▶ [Data provided]
● ● ●
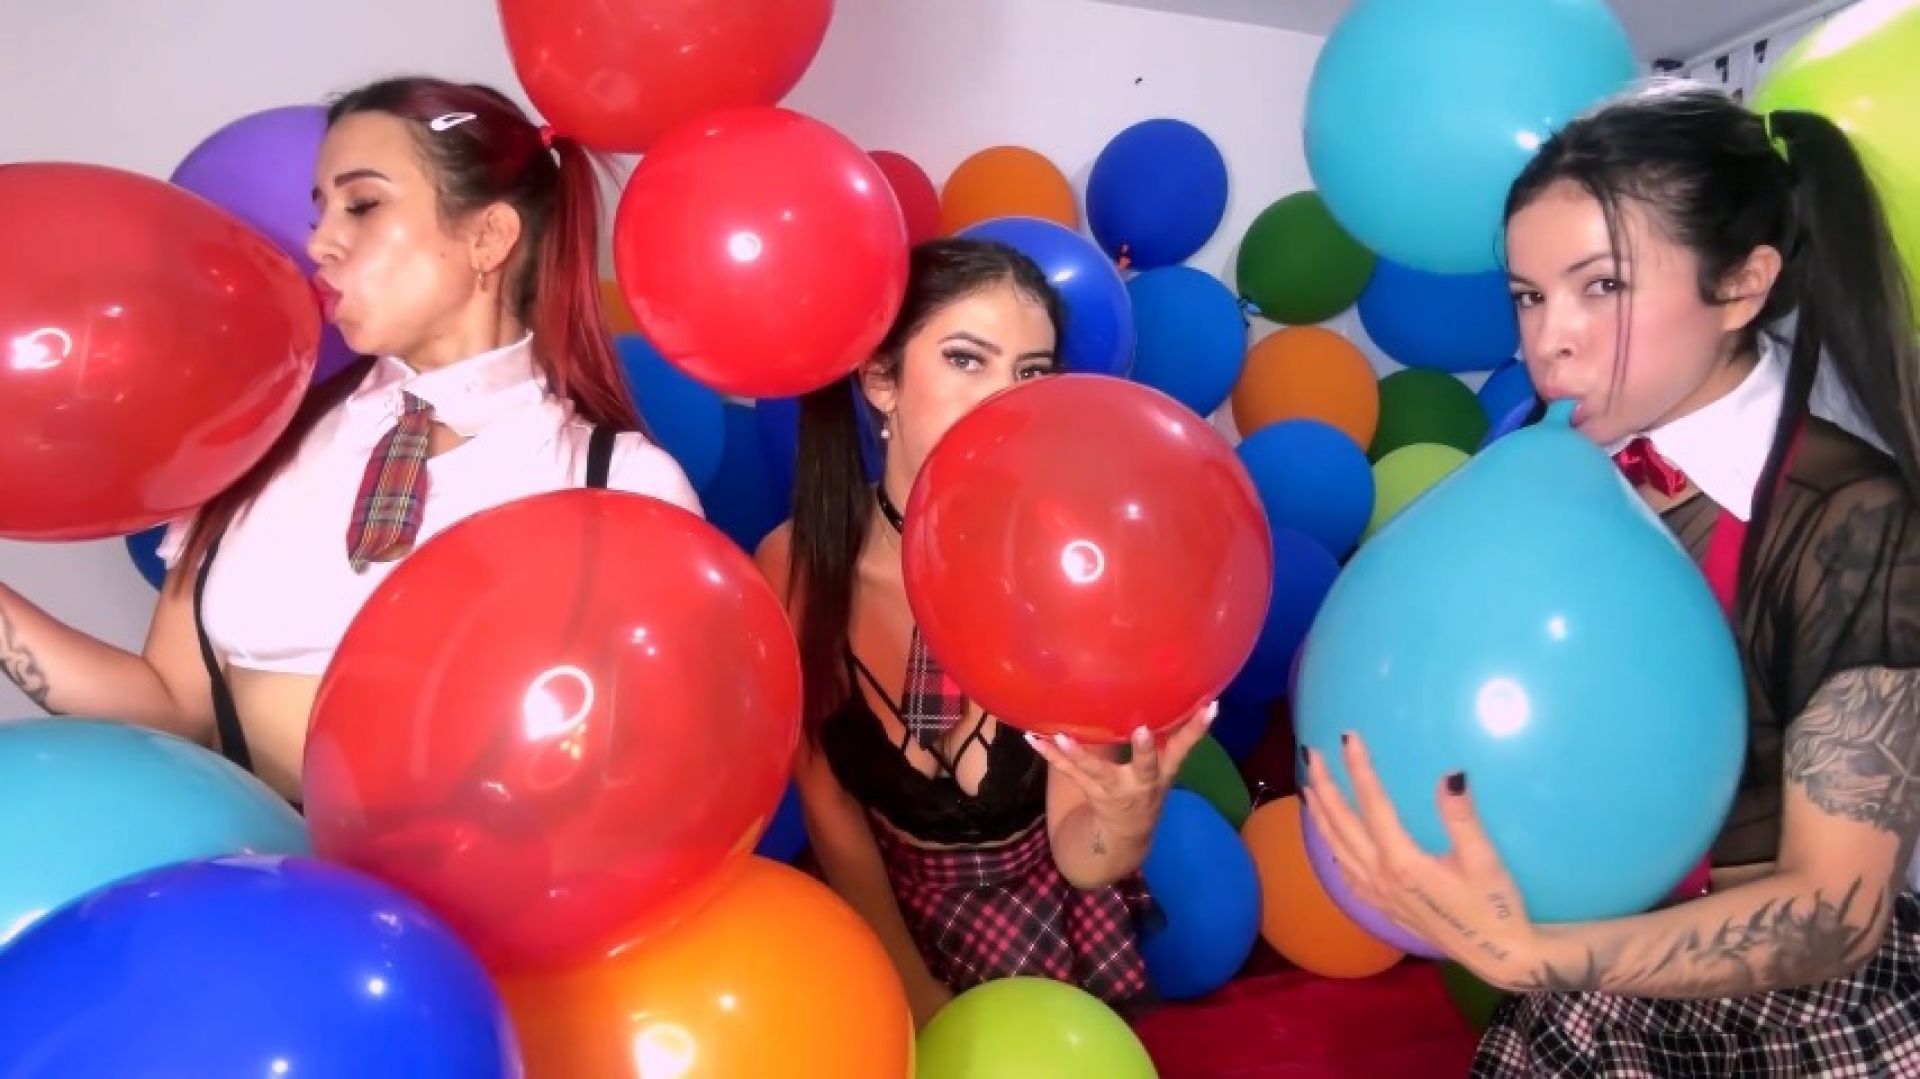 Horny schoolgirls blowing up balloons
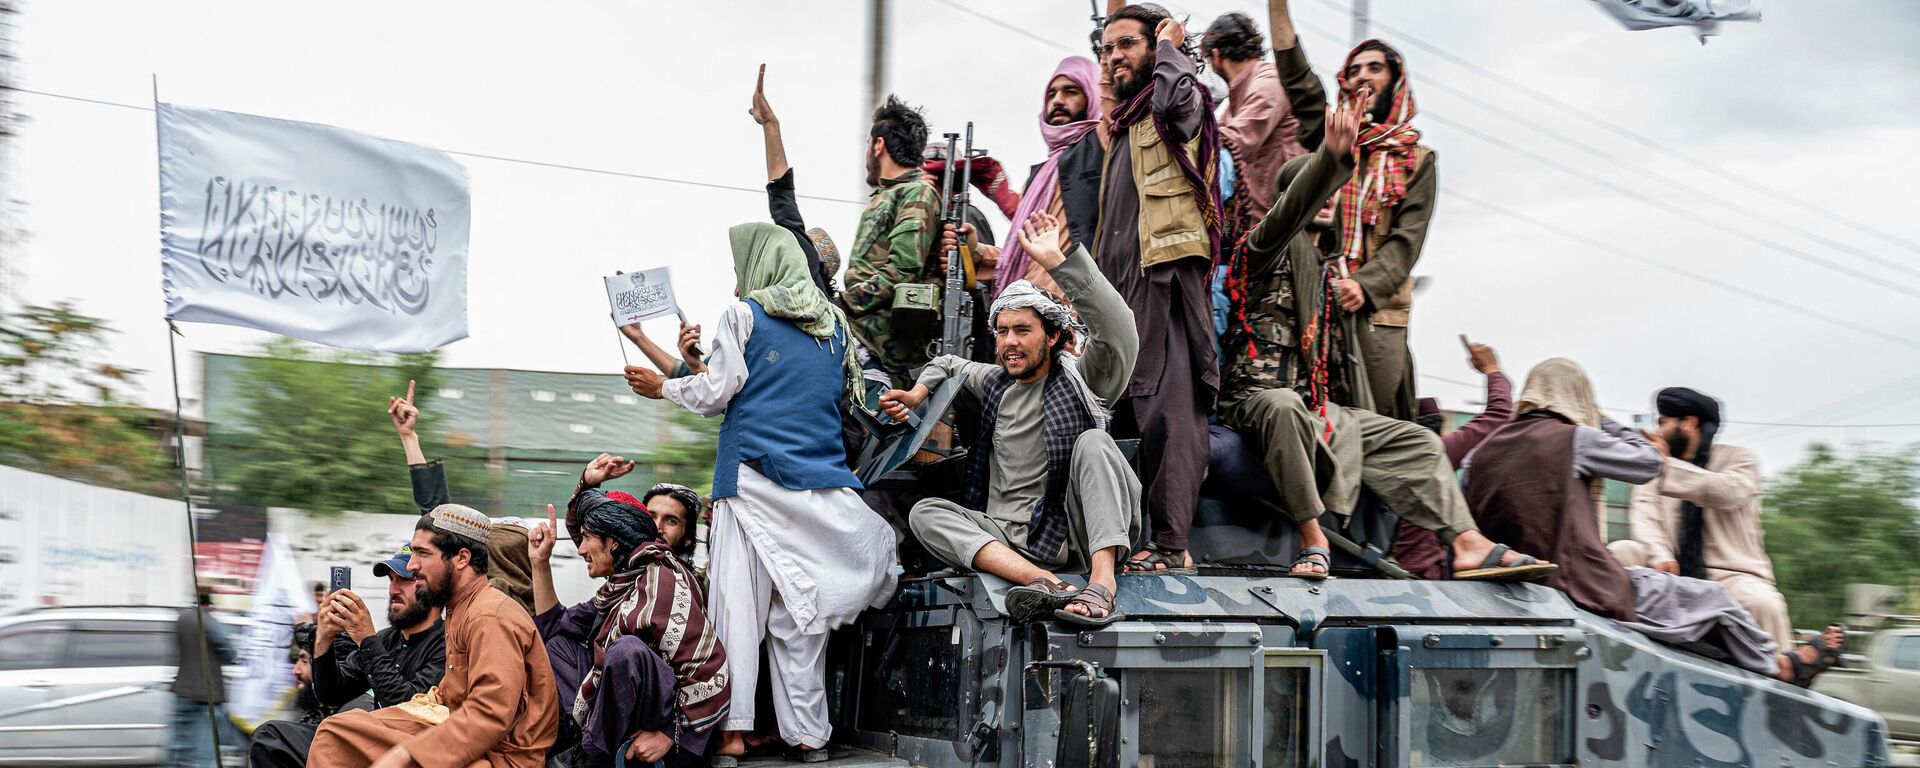 Боевики Талибана (движение Талибан находится под санкциями ООН за террористическую деятельность) праздную год прихода власти, Каблу, Афганистан - Sputnik International, 1920, 13.09.2022
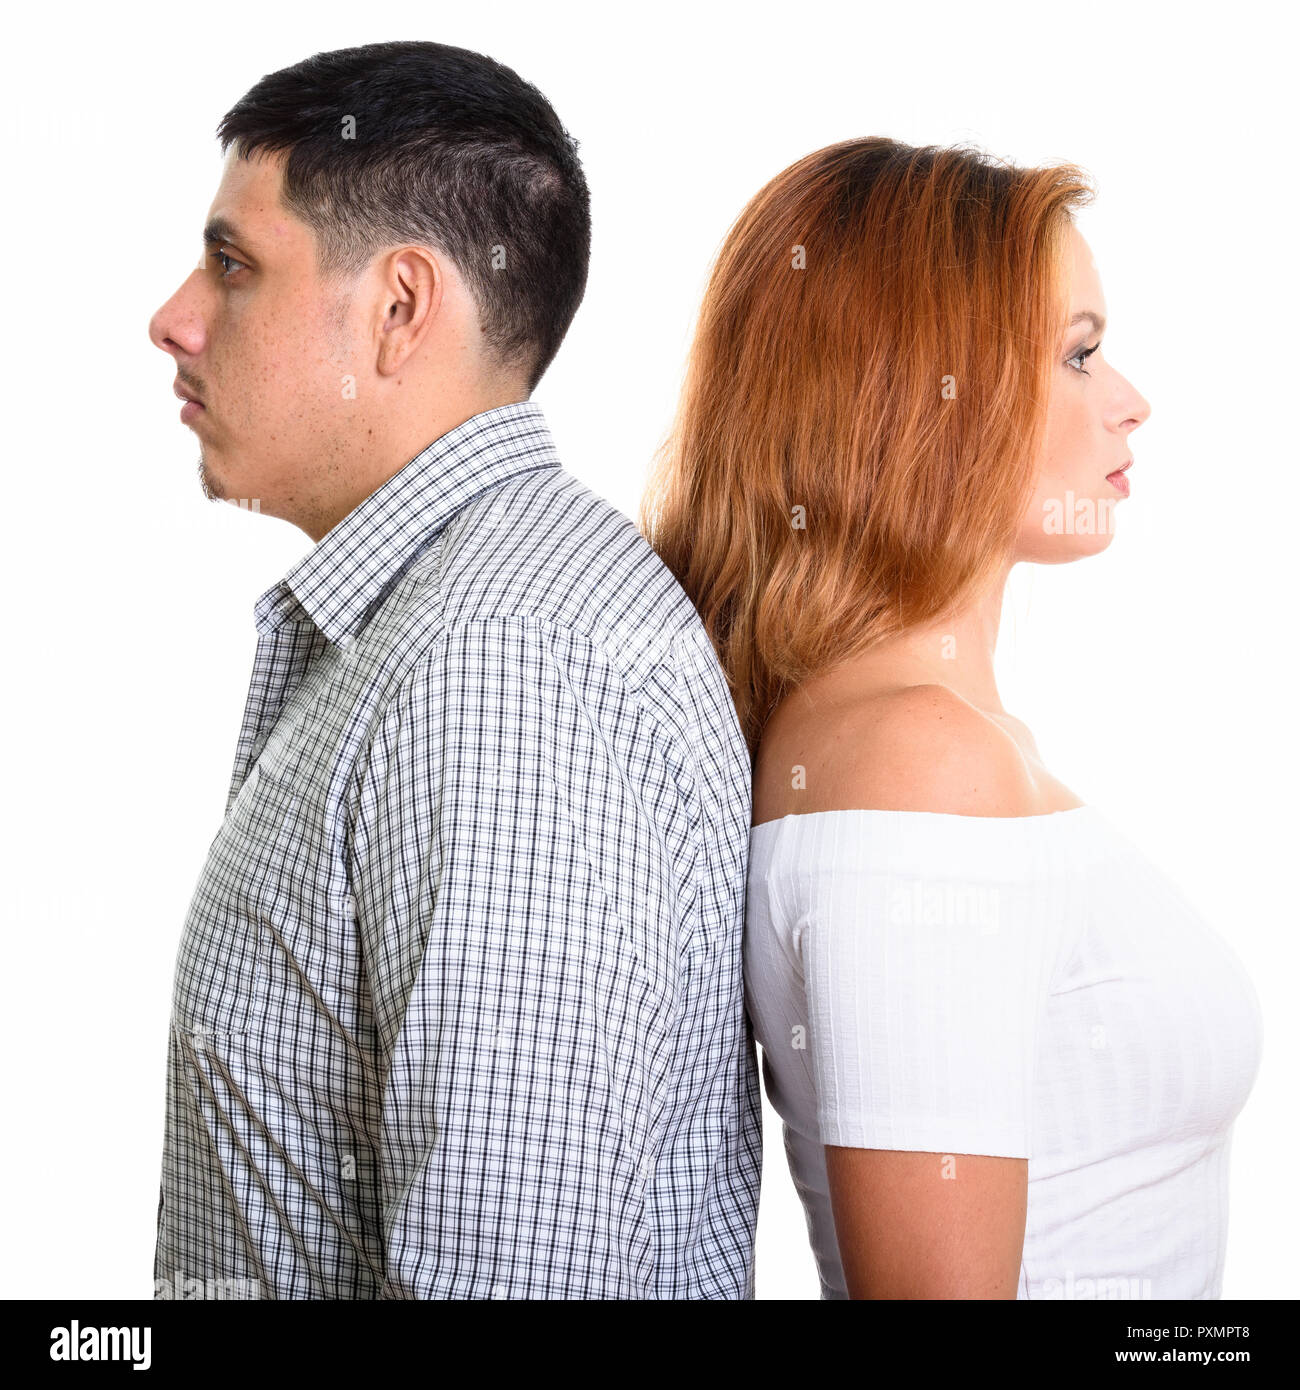 Foto de estudio de pareja joven hispana con espalda contra cada uno de ellos Foto de stock
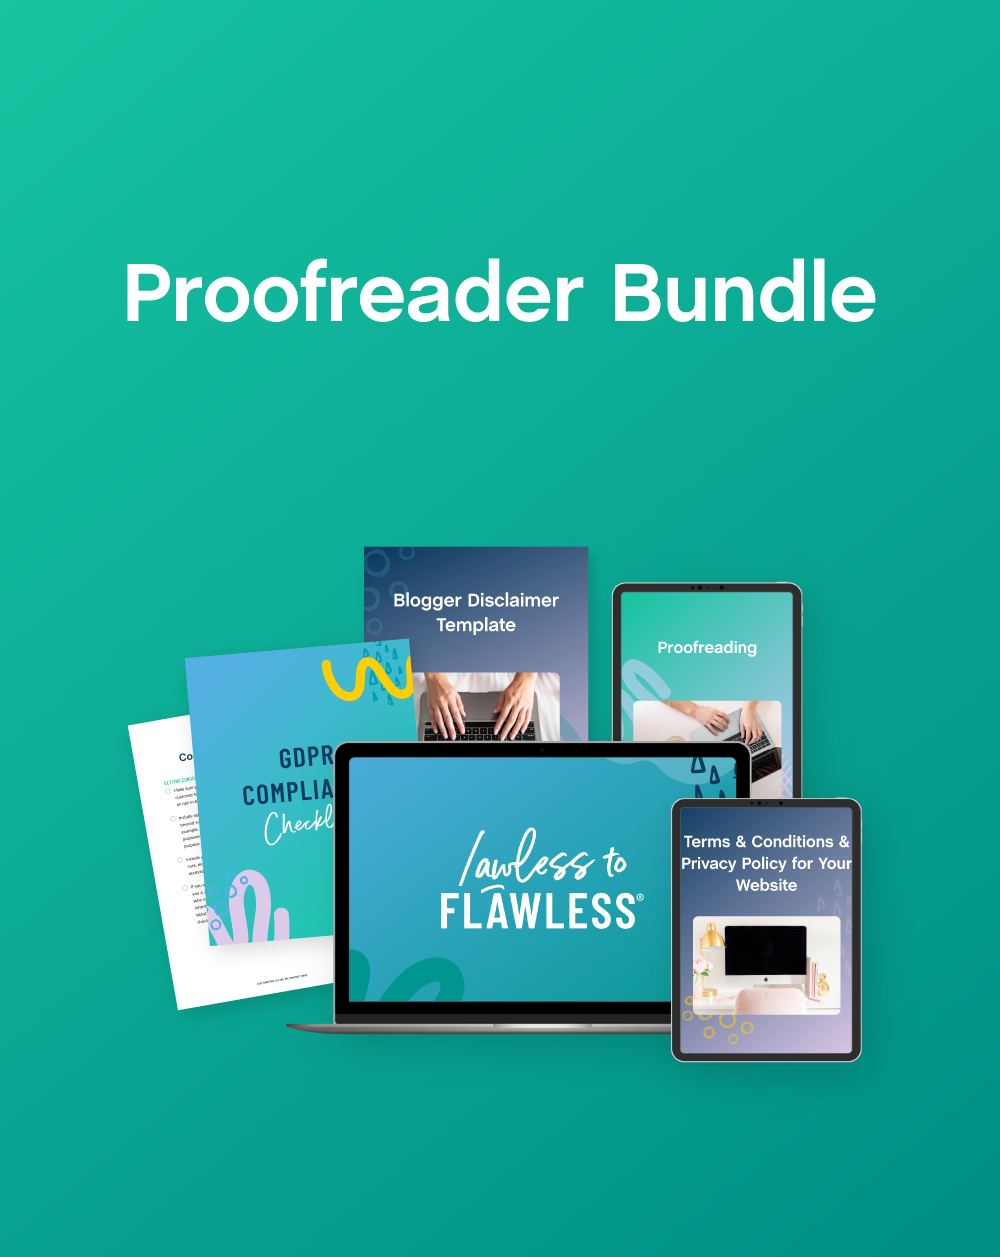 Proofreader Bundle
● ● ●
▶ [Work instruction]
Retyping is limited to the line with "Foto de estudio" and the lines after it in the material above; give them exactly and leave out the pictures.

▶ [Output of the exercise]
 Foto de estudio de pareja joven hispana con espalda contra cada uno de ellos Foto de stock
 Proofreader Bundle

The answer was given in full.